(TASK DESCRIPTION) Return the data verbatim, without pictures.

(SOURCE DATA)
====

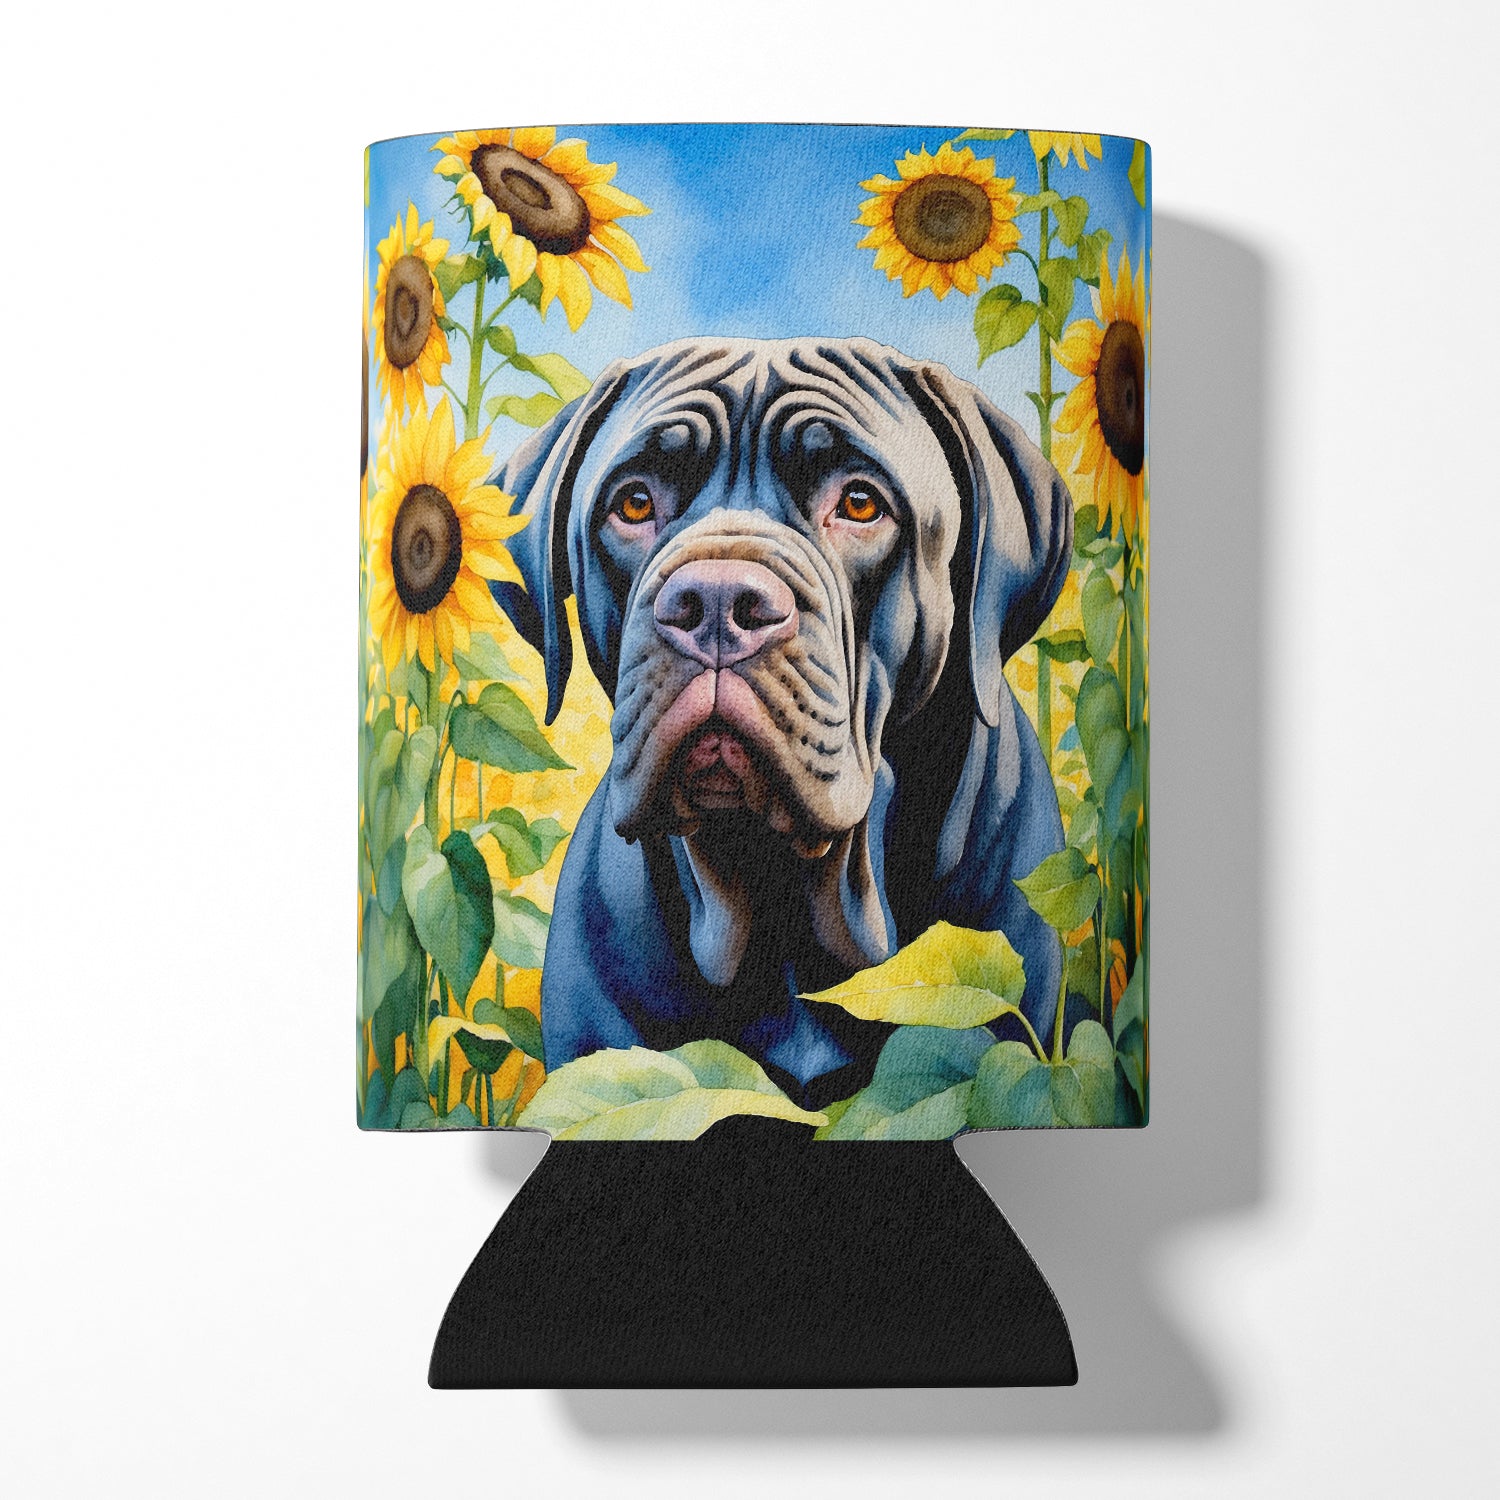 Buy this Neapolitan Mastiff in Sunflowers Can or Bottle Hugger
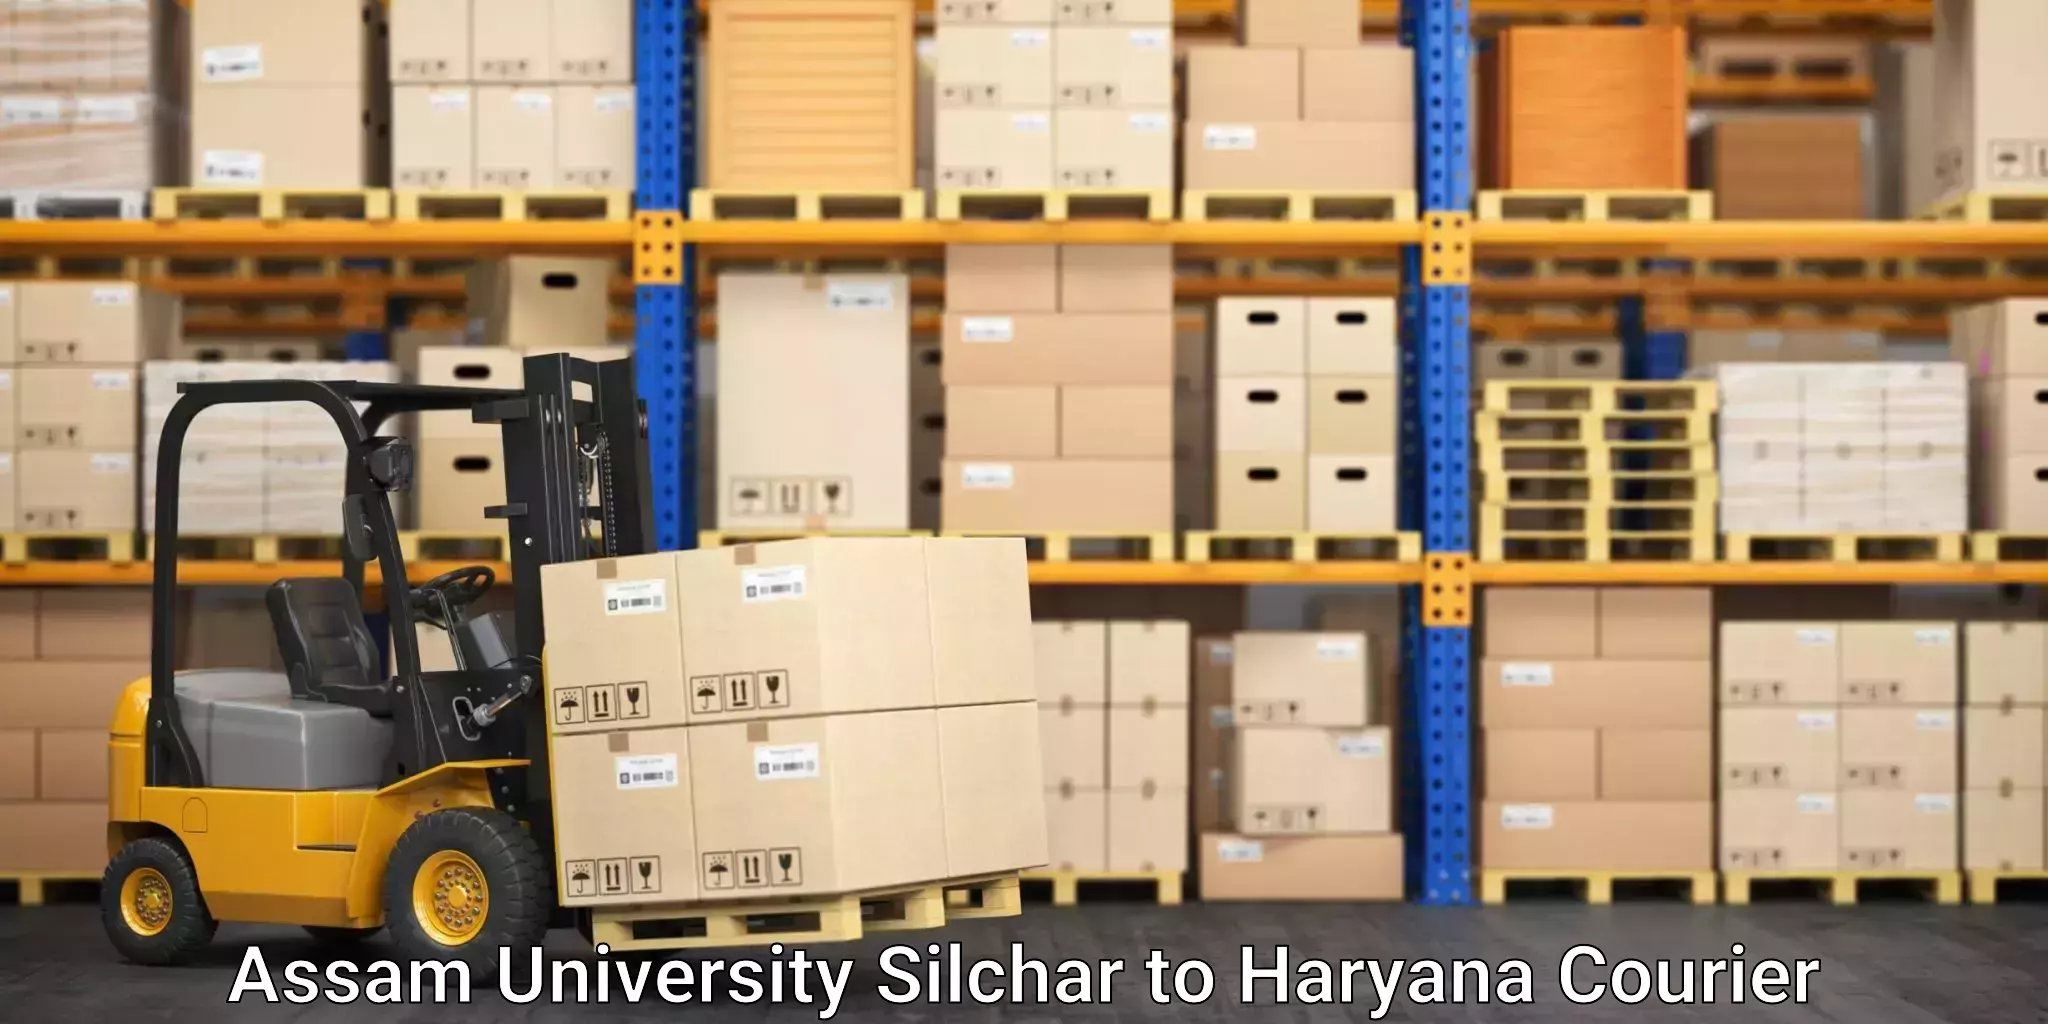 Tailored freight services Assam University Silchar to Sohna
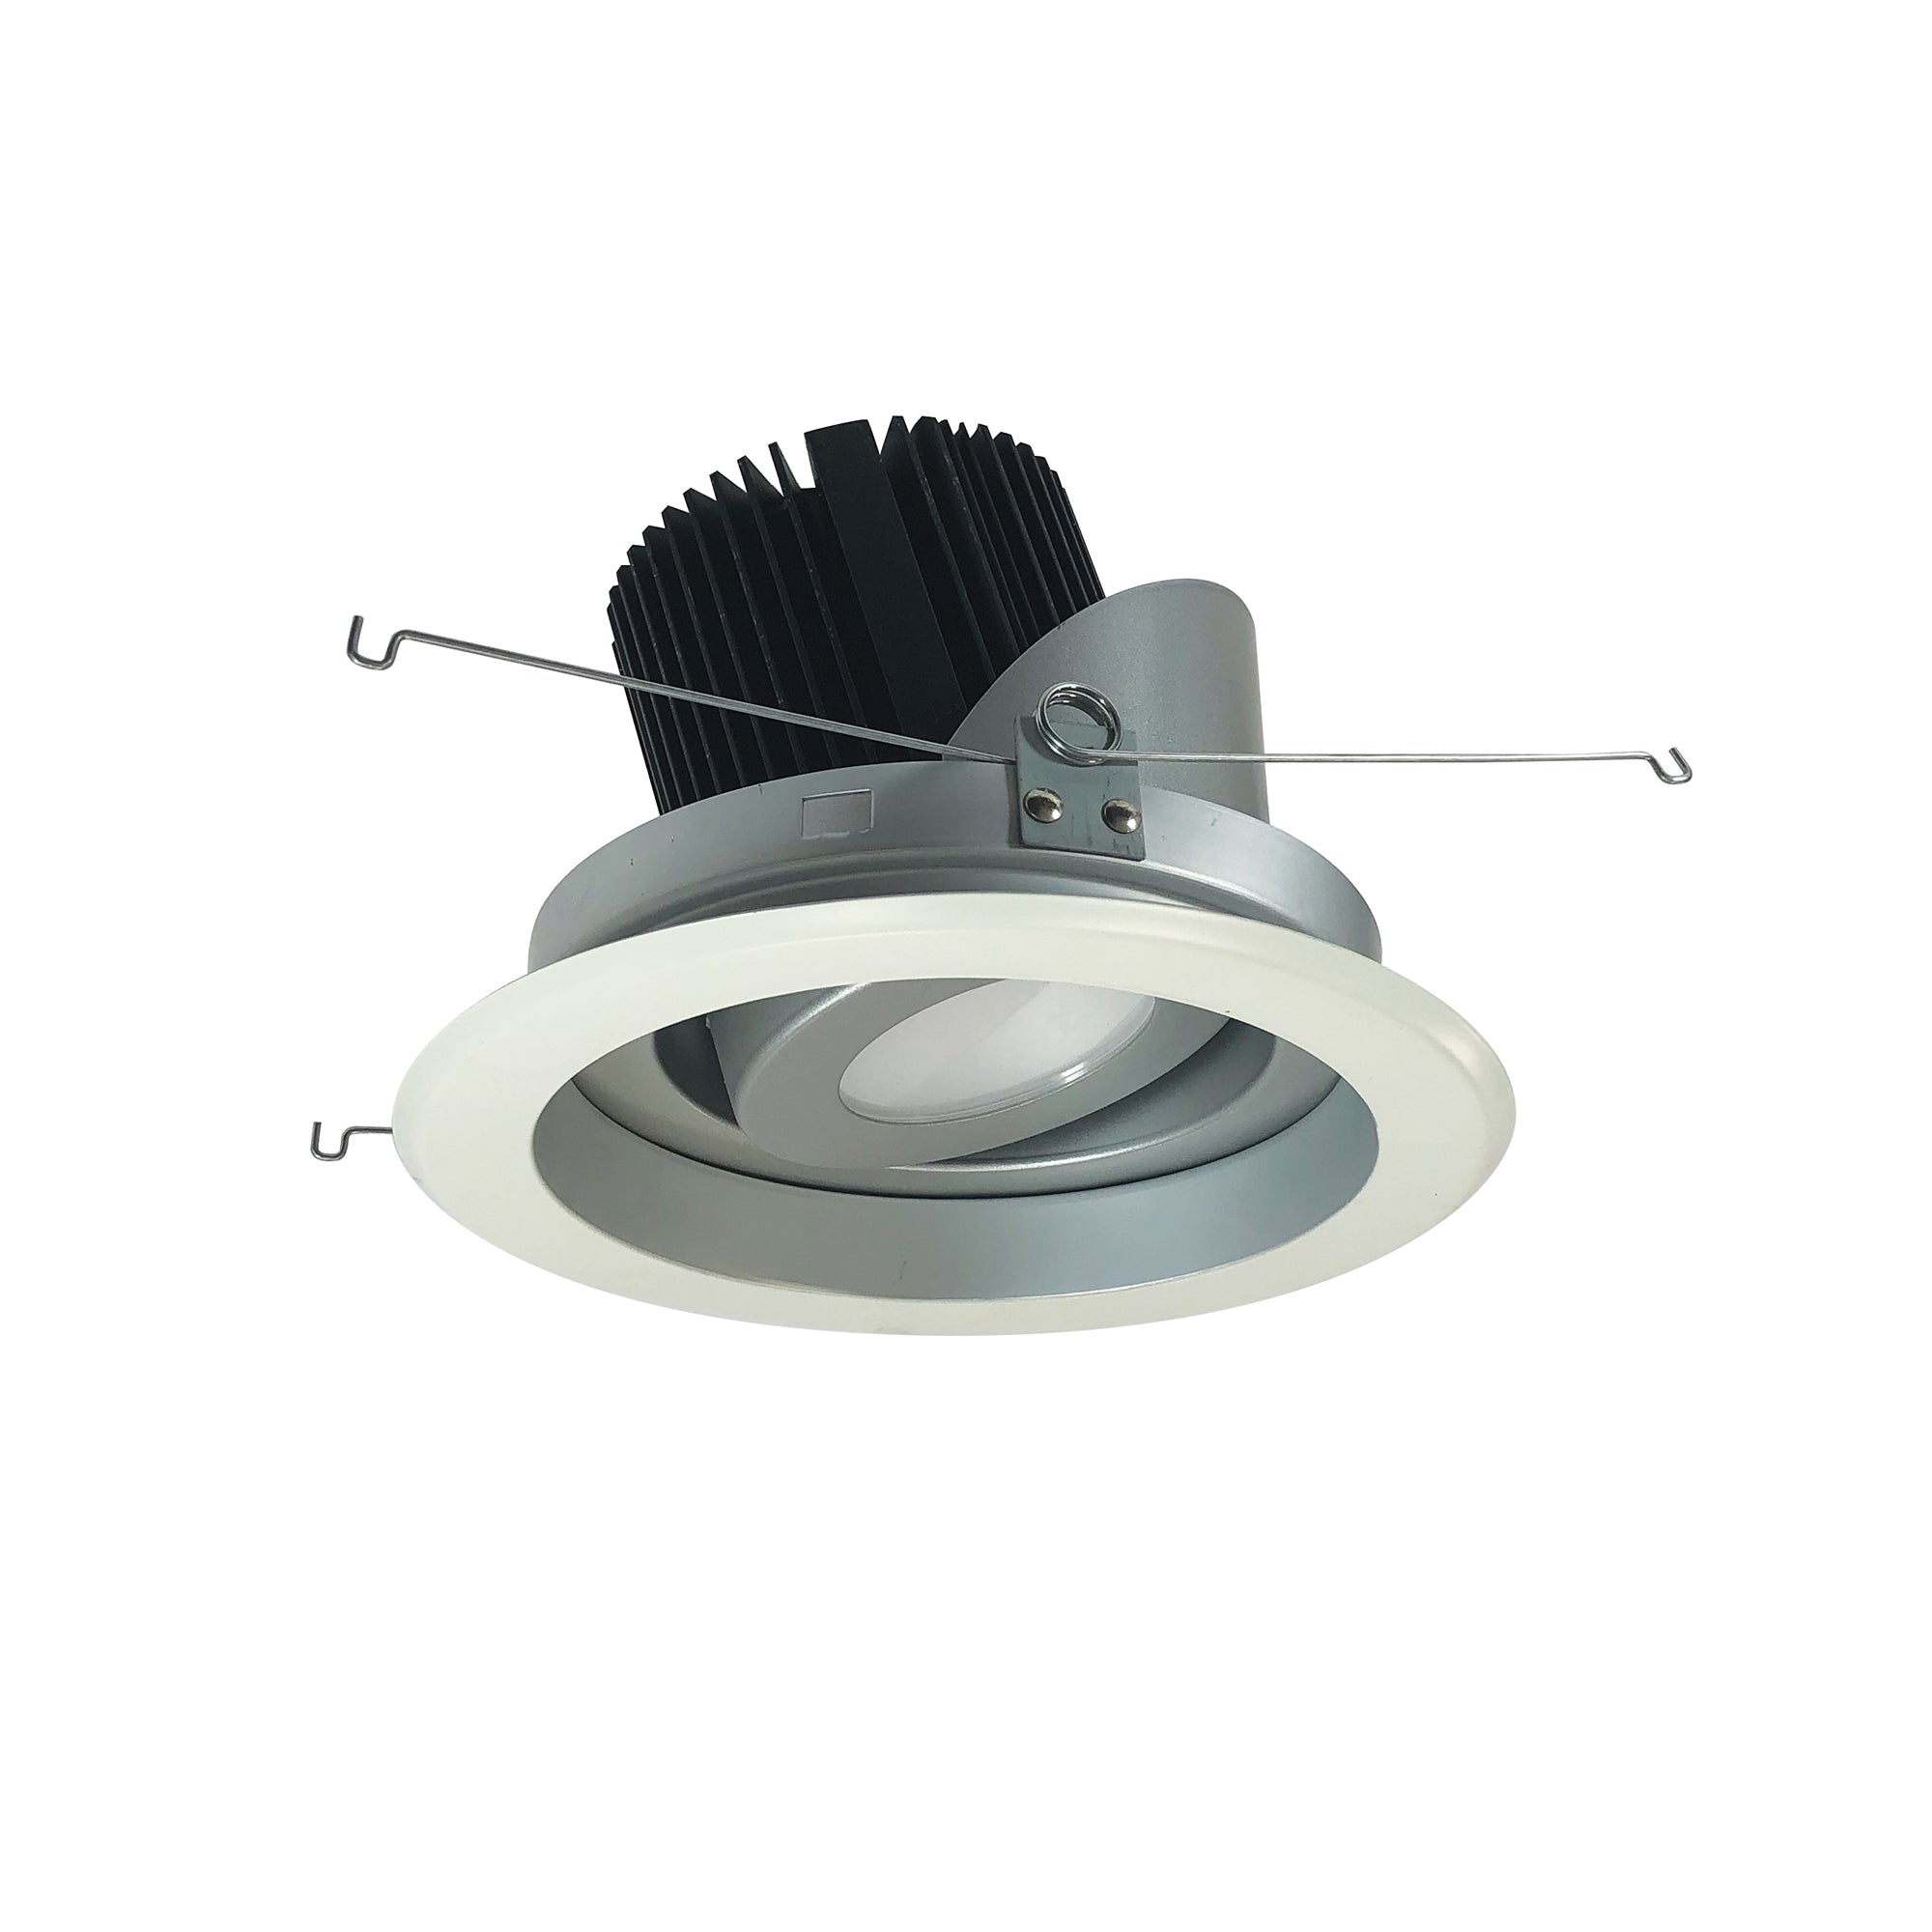 Nora Lighting NRM2-619L2535MHZW - Recessed - 6 Inch Marquise II Round Regressed Adj. Reflector, Medium Flood, 2500lm, 3500K, Haze/White (Not Compatible with NHRM2-625 Housings)

====

(PROBLEM SOLUTION)
 Buy this Neapolitan Mastiff in Sunflowers Can or Bottle Hugger
 Tailored freight services Assam University Silchar to Sohna
 Nora Lighting NRM2-619L2535MHZW - Recessed - 6 Inch Marquise II Round Regressed Adj. Reflector, Medium Flood, 2500lm, 3500K, Haze/White (Not Compatible with NHRM2-625 Housings)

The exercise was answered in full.